La journée internationale de l’Holocauste et le contexte hongrois

En Hongrie où un parti antisémite dispose de 43 sièges au parlement, des campagnes de dénigrement teintées d’antisémitisme apparaissent ça et là dans des médias hongrois proches du pouvoir.

Au cours d’une rencontre, mardi, avec le président du Congrès juif européen Moshe Kantor et les représentants de la communauté juive de Hongrie, le premier ministre Orban a affirmé que son gouvernement se portait garant des droits des Juifs hongrois. En contradiction avec ses invités qui ont dénoncé une hausse mondiale de l’antisémitisme liée à la crise économique, Viktor Orban a fait le constat d’un climat politique plus sain et de moins d’animosité de l’opinion publique hongroise vis-à-vis de la communauté juive. « L’expérience politique hongroise montre qu’une force politique centrale est le meilleur moyen de lutter contre l’extrémisme« , a-t-il commenté, selon sa thèse maintes fois éculée.

Une thèse somme toute peu convaincante car son parti ne s’est pas toujours distancié des dérives racistes de l’extrême-droite qu’il a manipulé sans vergogne à des fins électoralistes, contribuant par la-même à populariser et à rendre acceptable les idées extrémistes. D’aucuns considèrent même que Jobbik est une création de la Fidesz et que son leader Gabor Vona est en quelque sorte le petit frère politique de Viktor Orban, selon une théorie popularisée par le journaliste Attila Bujak. Pour autant, le premier ministre hongrois ne peut pas être accusé d’antisémitisme, bien qu’il porte une responsabilité certaine dans sa ré-émergence actuelle en Hongrie.
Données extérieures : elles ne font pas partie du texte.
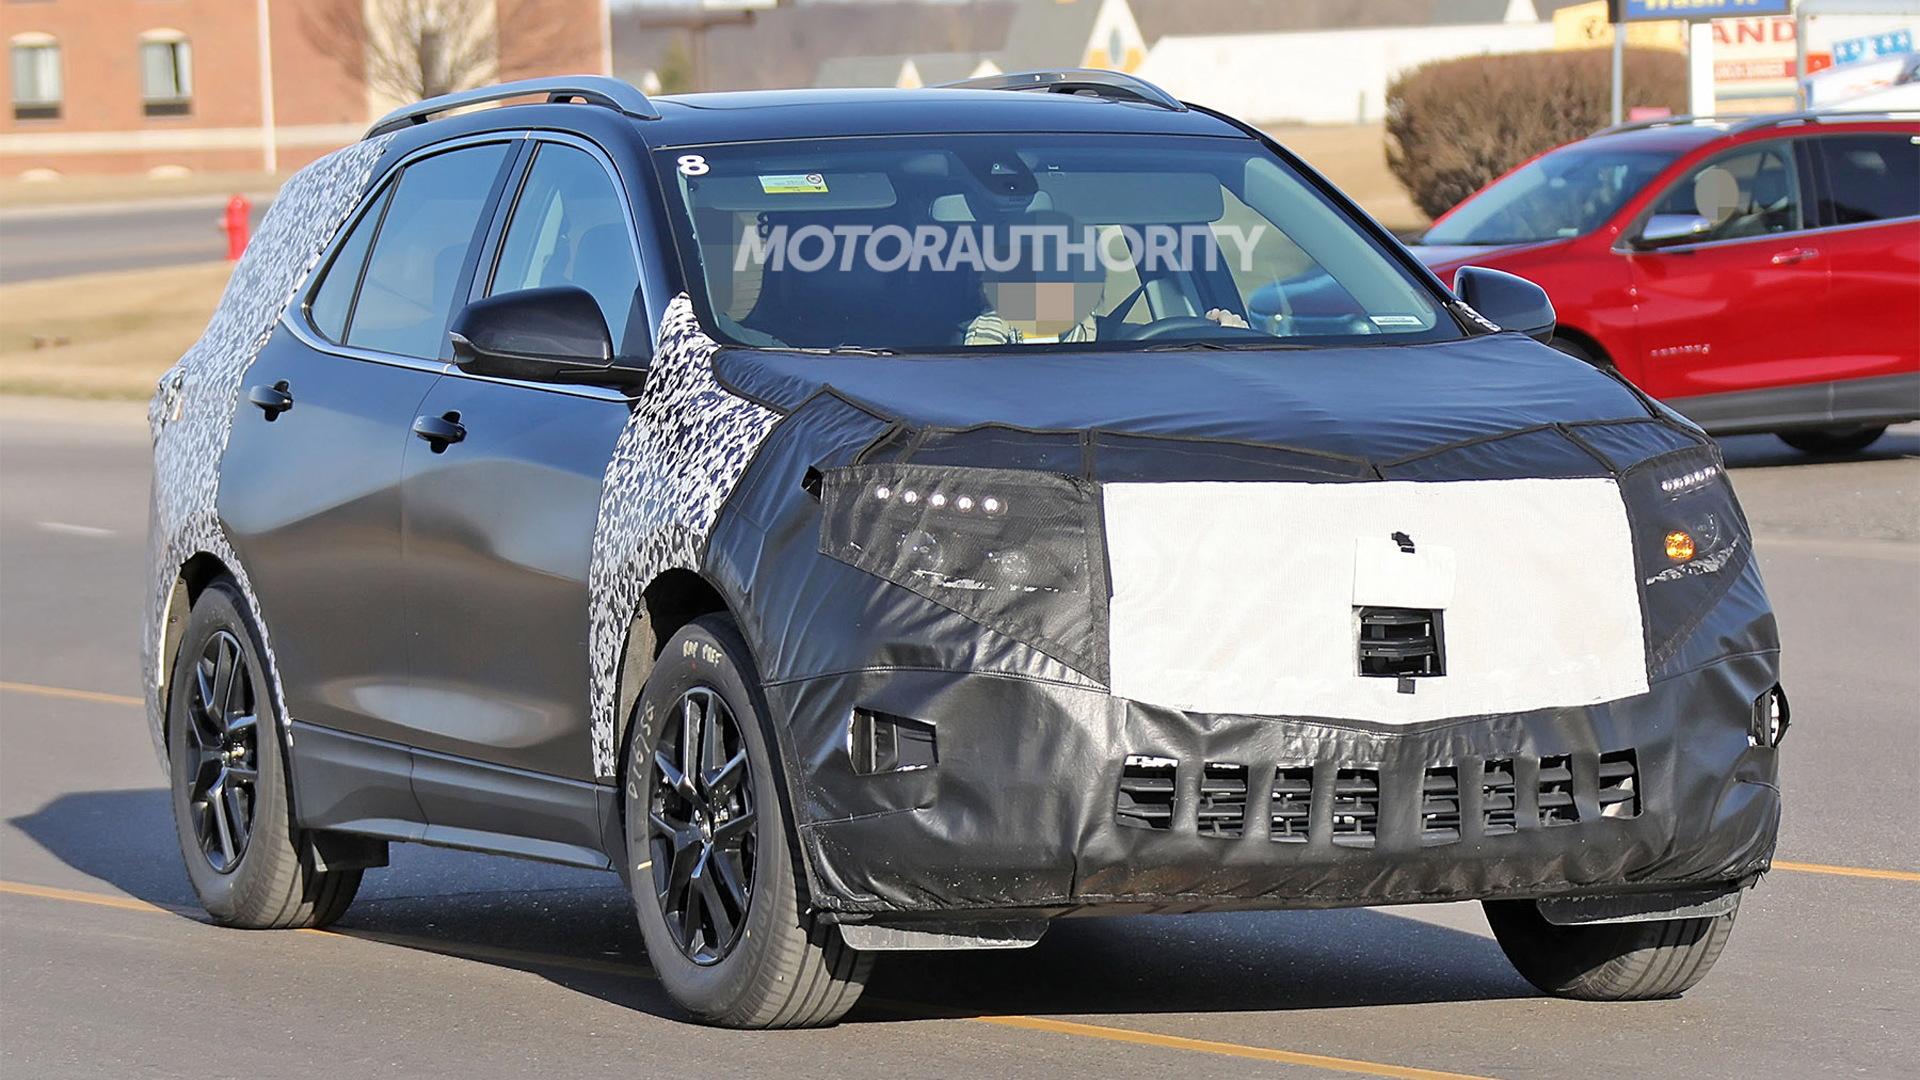 2020 Chevrolet Equinox facelift spy shots - Image via S. Baldauf/SB-Medien
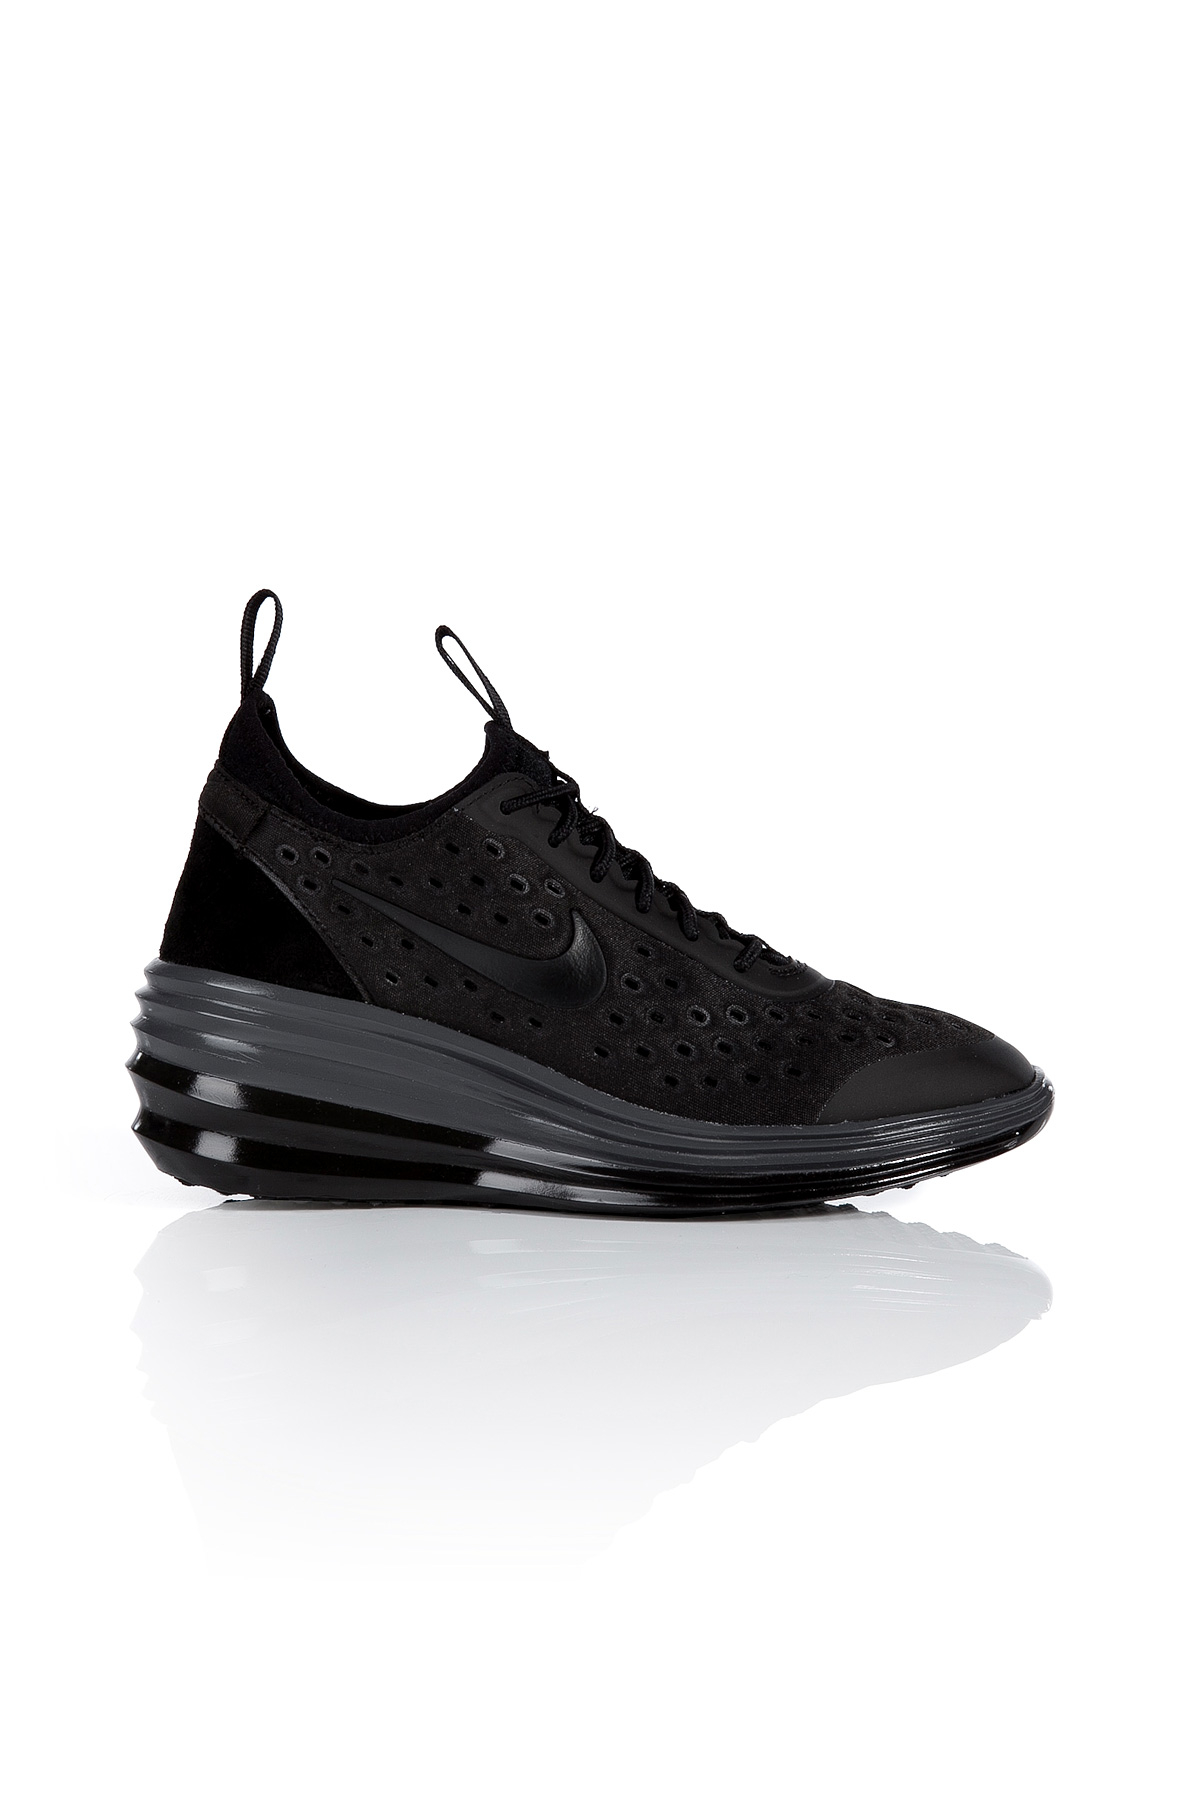 the best attitude 6fb58 8af1b ... coupon for lyst nike lunarelite sky hi wedge sneakers in black 9476b  84de8

L’antisémitisme a atteint les médias « mainstream »

En Hongrie, le fait nouveau c’est l’institutionnalisation de l’antisémitisme, portée par le parti Jobbik qui a obtenu 17% des votes et 47 sièges au parlement lors des élections législatives de 2010. Sa popularité a permis à ces idées –marginales au début des années 90 puis développées de façon underground- d’atteindre les discours public et les médias « mainstream ».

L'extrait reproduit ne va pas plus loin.